A trust is a legal arrangement where assets, such as cash, property, or investments, are held and managed by Trustees on behalf of Beneficiaries. Trusts are often used to control how and when assets are distributed, provide financial security, and mitigate tax liabilities. Depending on the trust type, the flexibility and control over these assets can vary significantly, making it essential to choose the right arrangement for your specific goals.

Two commonly used trusts, bare trusts and discretionary trusts, cater to different needs and offer distinct benefits. While bare trusts are simple and straightforward, providing Beneficiaries with clear rights to the trust's assets, discretionary trusts offer greater flexibility and control, allowing Trustees to adapt to Beneficiaries’ changing circumstances.

Bare trusts: simplicity and certainty

Bare trusts, also known as simple trusts, are the most straightforward type of trust arrangement. Under a bare trust, the trustees hold assets in their name, but the beneficiary has an absolute right to both the capital and any income generated by the trust. Importantly, the assets in a bare trust fully belong to the beneficiary, who can access them when they reach the age of 18 (or 16 in Scotland).

The simplicity of bare Trusts makes them particularly appealing for individuals looking to transfer assets to children or grandchildren for specific purposes, such as funding education. Because the beneficiary is the outright owner of the assets, any income or capital gains are taxed as if they belong to the beneficiary. This can result in tax efficiencies, especially if the beneficiary falls within a lower tax bracket than the settlor.

However, the simplicity of bare trusts also means that they are best suited for straightforward scenarios where the Beneficiaries' needs and entitlements are clear. Once the beneficiary reaches the age of majority, they gain full control of the assets, which may not align with the intentions of settlors who wish to impose long-term conditions on asset use.

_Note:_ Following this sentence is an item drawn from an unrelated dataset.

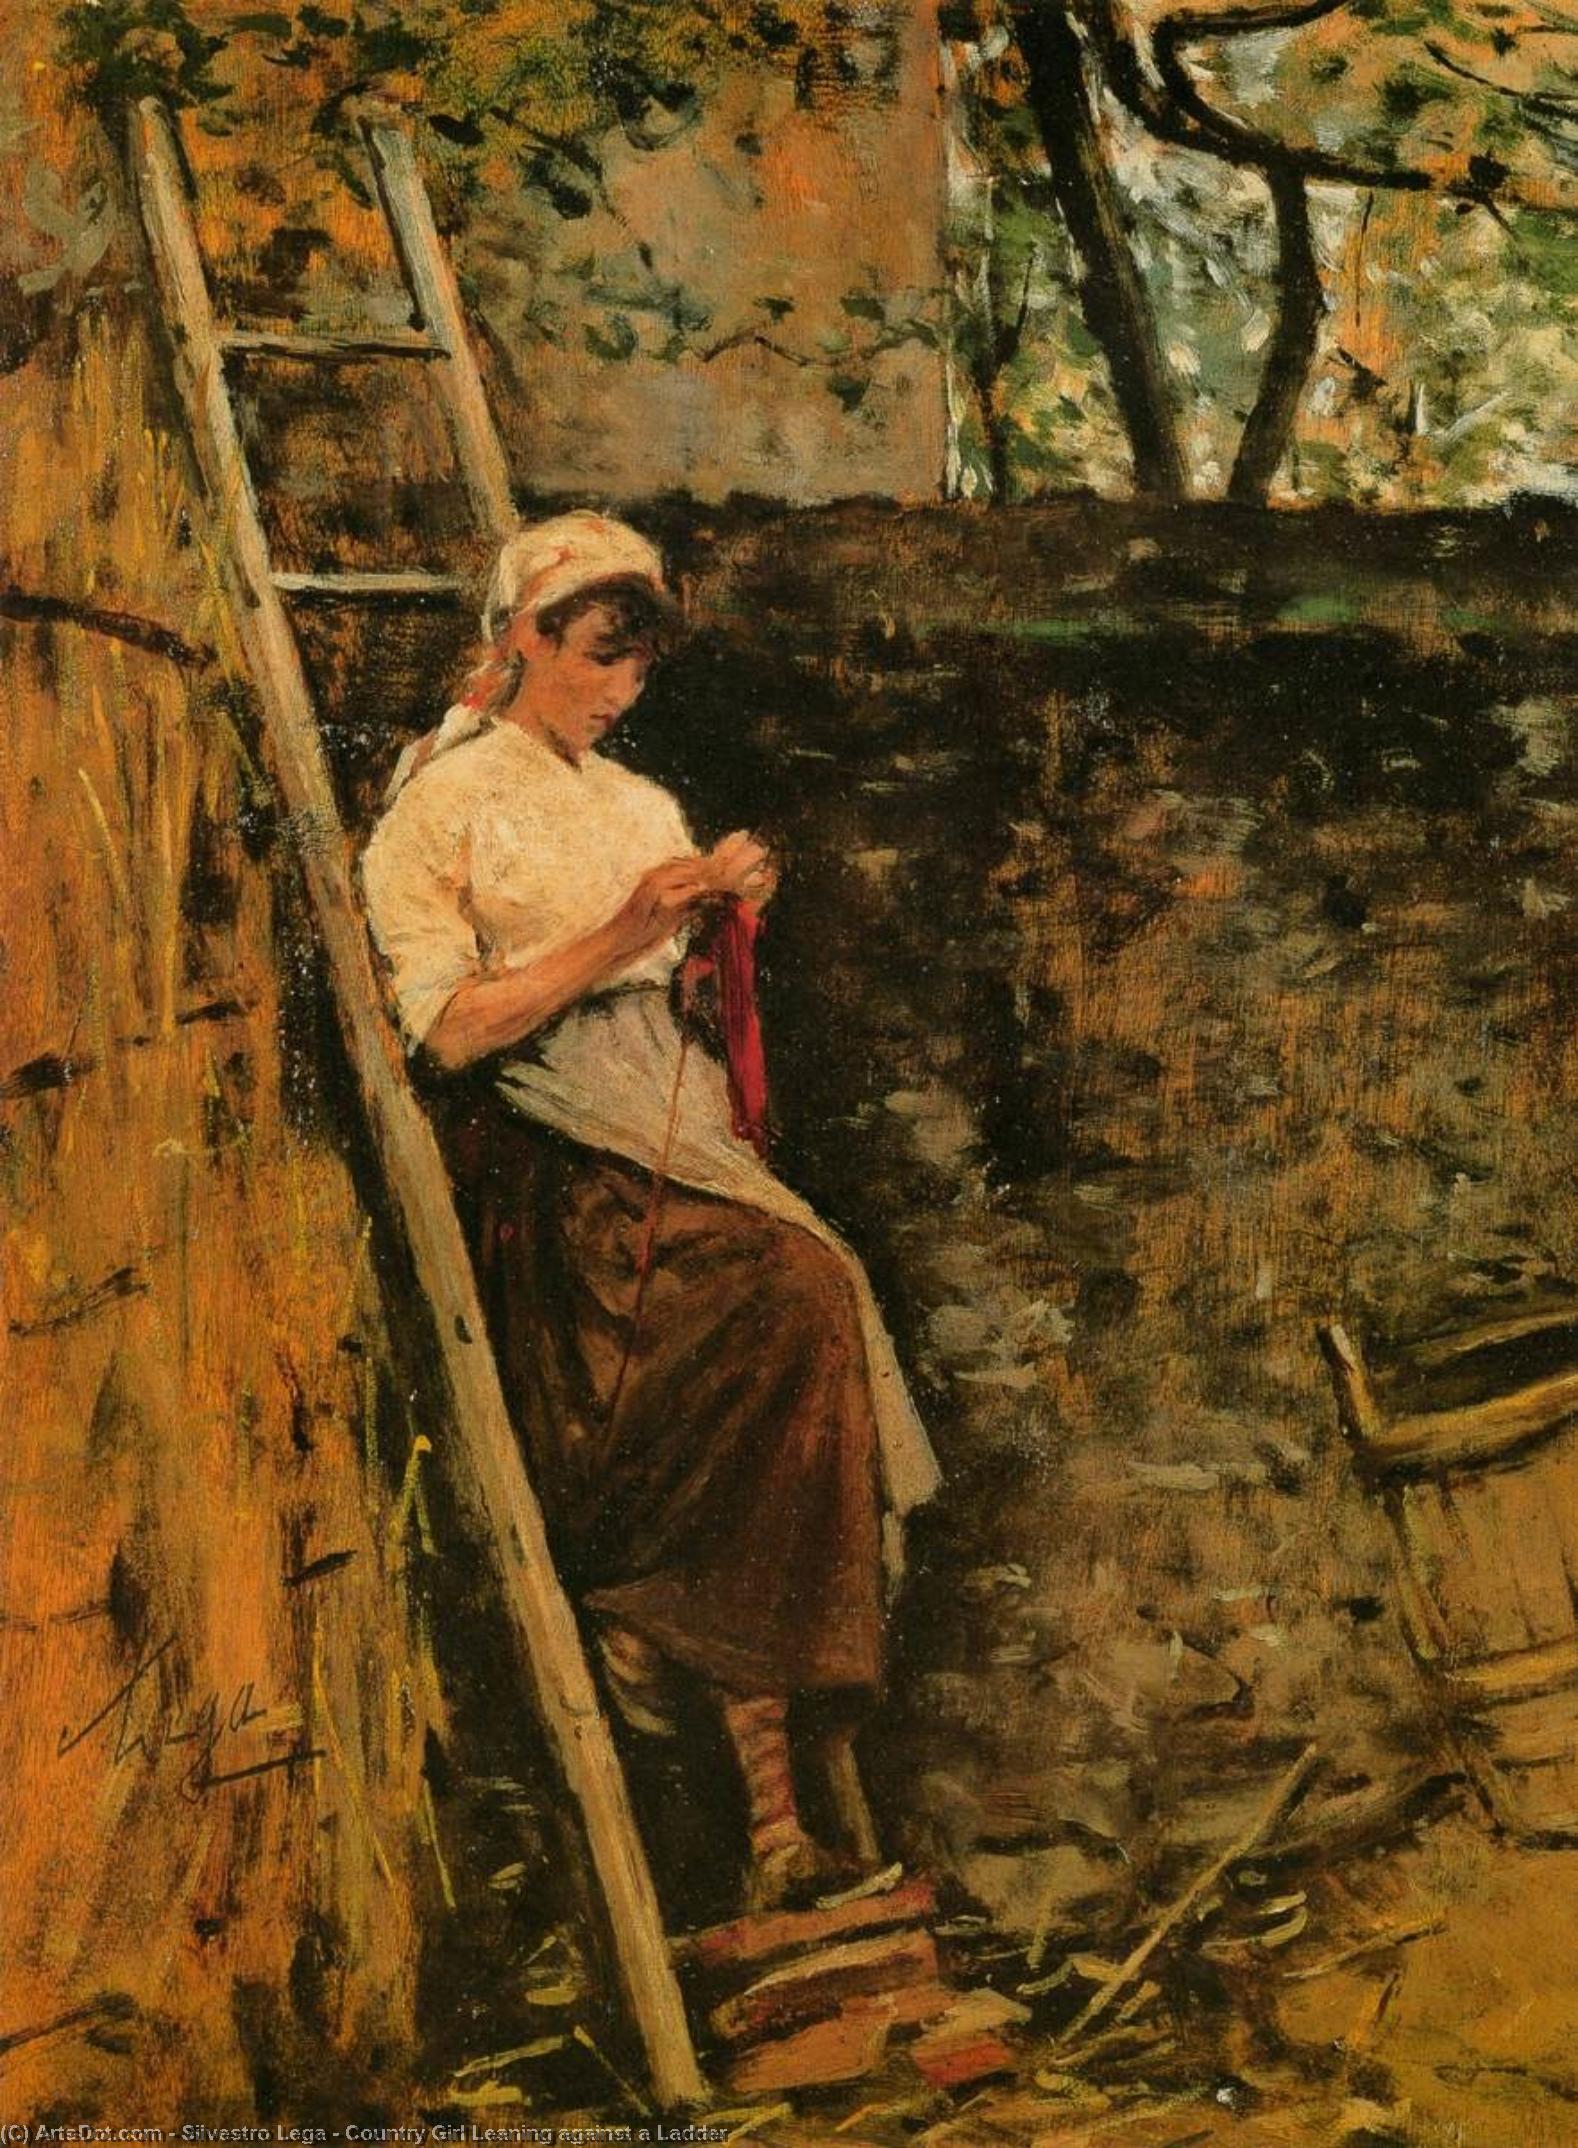 Wikoo.org - موسوعة الفنون الجميلة - اللوحة، العمل الفني Silvestro Lega - Country Girl Leaning against a Ladder

Discretionary Trusts: flexibility and control

In contrast to bare Trusts, Discretionary Trusts grant Trustees significant flexibility in managing and distributing trust assets. Instead of naming specific Beneficiaries with fixed entitlements, a Discretionary Trust identifies a class of Beneficiaries—such as children, grandchildren, or dependents—and gives Trustees discretion over how and when to allocate the assets. This flexibility makes Discretionary Trusts particularly valuable in situations where Beneficiaries’ needs may evolve over time.

For instance, Discretionary Trusts are often used to support vulnerable family members who are unable to manage their finances independently. Trustees can allocate funds to ensure these Beneficiaries’ needs are met without jeopardising their financial security. Similarly, Discretionary Trusts are ideal for long-term planning when Beneficiaries have yet to be born or when their financial circumstances are uncertain.

While Discretionary Trusts offer considerable advantages, they come with inherent complexities. The settlor relinquishes control of the assets when they are transferred into the trust, and Trustees must manage the assets in accordance with the terms of the trust deed. Trustees are also responsible for ongoing administrative tasks, including holding regular meetings, maintaining detailed records, and filing tax returns. These obligations can lead to additional costs, as trustees may need to seek professional advice to ensure the trust is managed correctly.

Tax considerations for trusts

Both bare and Discretionary trusts come with specific tax implications that should be carefully considered when deciding which arrangement to use.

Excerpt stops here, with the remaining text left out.